Consumer-aspirational: Models like Mistral Small 4, Llama 4 Scout, and GLM-5. Technically open weights, practically requiring $4,000+ workstations or cloud deployment.
Both tiers matter. Small 4’s existence pushes the industry forward. Its techniques will filter into smaller models. But today’s practical choice for most users remains clear: Qwen 3.5’s MoE variants for general use, GLM-4.7 Flash for coding, MiMo-V2-Flash for reasoning.
What You Can Do
If you want the fastest general assistant: Grab Qwen3.5-35B-A3B from Hugging Face. At Q4 quantization on a 24GB card, expect 100+ t/s with quality that rivals much larger models.

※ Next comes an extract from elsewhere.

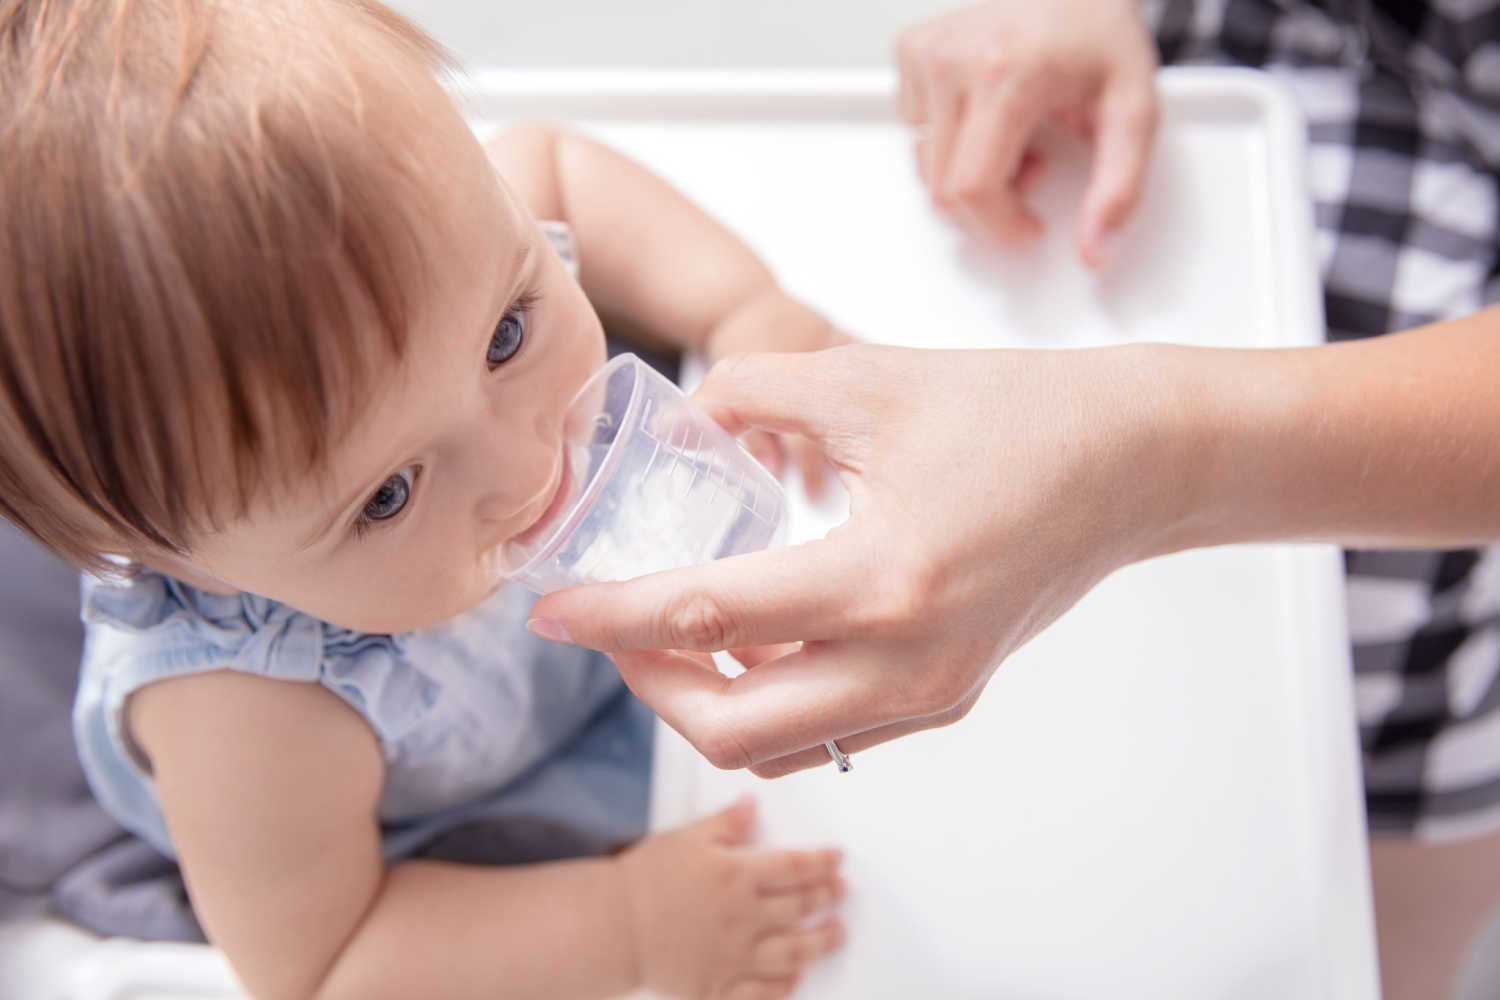 Help Your Baby Drink From an Open Cup

If coding is your priority: GLM-4.7-Flash still leads SWE-bench Verified among consumer-runnable models. Run through Ollama for easy setup.
If you’re buying hardware: A used RTX 3090 at $700-800 delivers 90% of the RTX 4090’s practical value for local LLMs. The extra CUDA cores matter less than the identical 24GB VRAM limit.
If Mistral Small 4 appeals: Use the API at $0.15/1M input. It’s cheaper than running your own 4x H100 setup and you get full BF16 quality. Self-hosting makes sense when you hit API cost thresholds—for Small 4, that’s significant volume.
The home GPU leaderboard tracks which models perform best on specific hardware configurations. Check before downloading—the landscape shifts weekly.